Шрифт:
Закладка:
Я пролистал список до конца и опять перескочил в начало. Перед именем Нины стоял специальный символ, чтобы никто не мог ее опередить.
В отличие от Линды. С ней я познакомился осенью, в брненской кофейне “СКЁГ”, где я выступал модератором цикла авторских чтений. Линда была абсолютной противоположностью Нины: темноволосая, приветливая и уступчивая. Мы встречались с ней пару раз после Нового года. Интересно, как с возрастом все вдруг становится проще… Созревший плод висел на расстоянии вытянутой руки, и я чуть было не сорвал его, но теперь, пожалуй, предпочел бы вернуть его обратно на дерево. Не стану писать Линде. Никому не стану писать, решил я, выключил телефон и заснул с открытыми глазами, со взглядом, прикованным к заснеженной улице.

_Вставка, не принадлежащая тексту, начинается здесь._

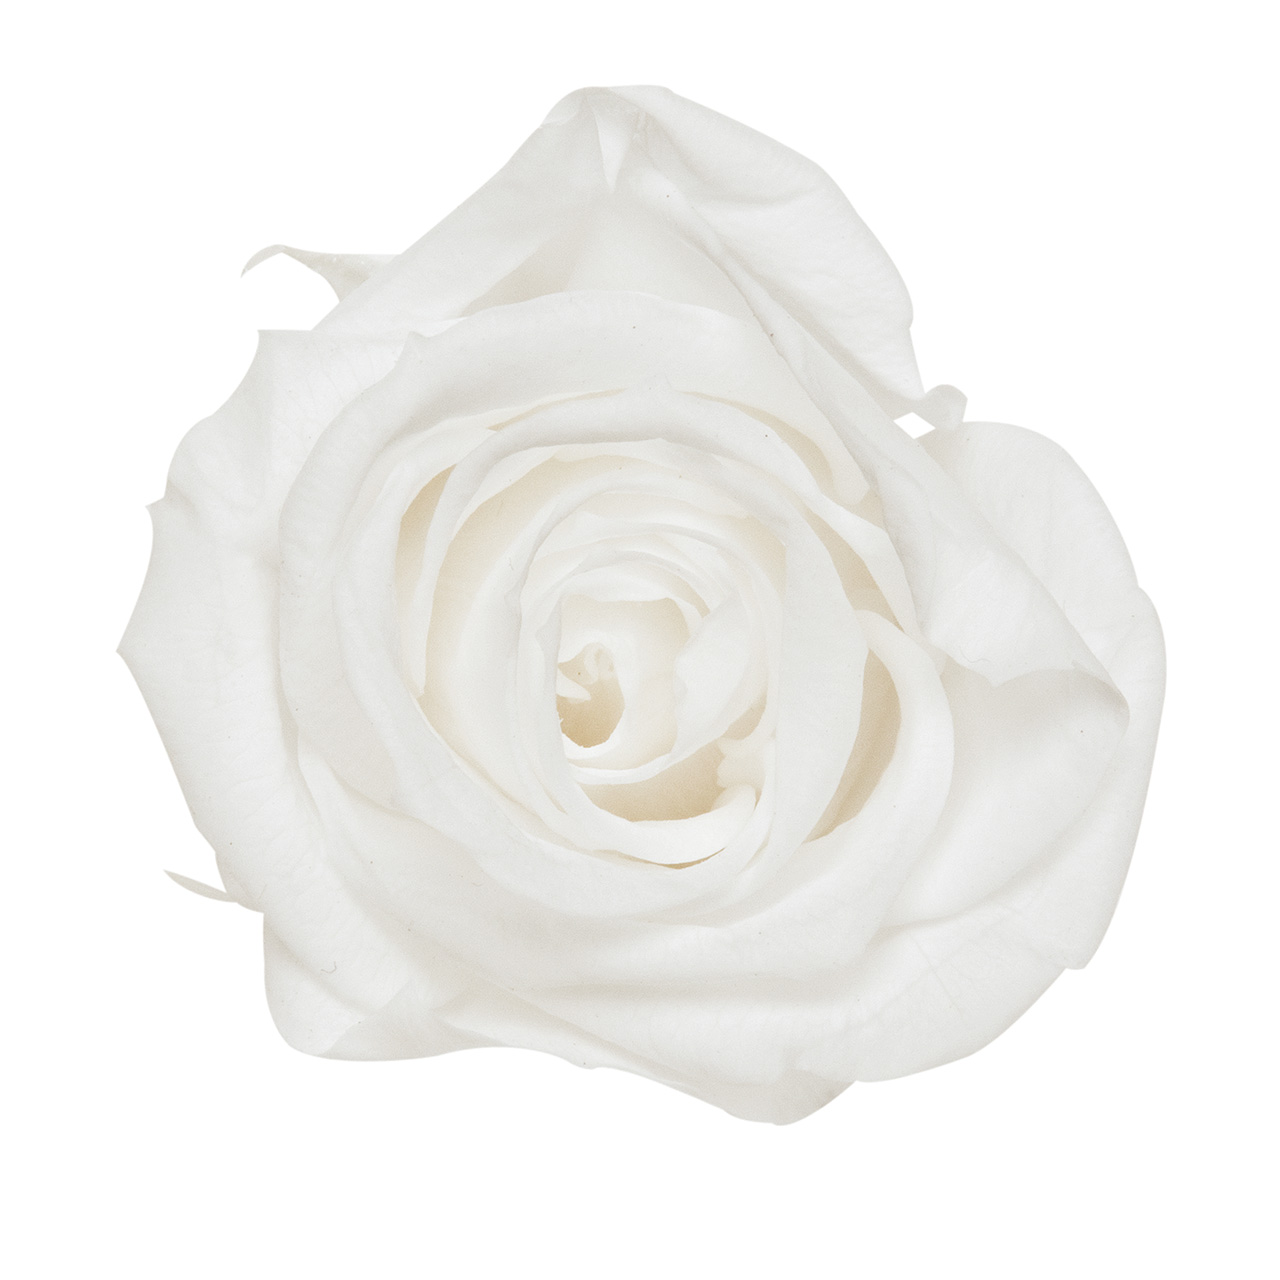 マイフラ 通販 プリンセス ホワイト プリザーブドフラワー Vd 001 16輪入 ローズ バラ ホワイト プリザーブドフラワー 全国にmagiq 花器 花資材などをお届けします

Пока я вечера и ночи напролет просиживал в кресле, а днем пытался вести привычную жизнь, Нина не теряла времени даром. Нашла в Праге квартиру – одно из тех нескольких временных убежищ, которые ей предстояло сменить, – а кроме квартиры, еще и подработку: выяснилось, что на кастинги целиком полагаться не стоит, хотя теперь она могла ходить на них регулярно и пару раз принимала участие в разных рекламных кампаниях и съемках для журналов. Иногда мы все-таки созванивались, и я знал, что она изо всех сил старается свести концы с концами. Но когда я впервые навестил Нину в ее пражской квартире, то прямо с порога впал в глубокую меланхолию: в пустой прихожей перед зеркалом, словно объект реди-мейда, стояли ее черные туфли-лодочки, которые она надевала на кастинги, в углу одной-единственной комнаты, совмещенной с кухней, лежал матрас с неубранной постелью, рядом с ним корчился коврик для йоги – больше там не было ничего.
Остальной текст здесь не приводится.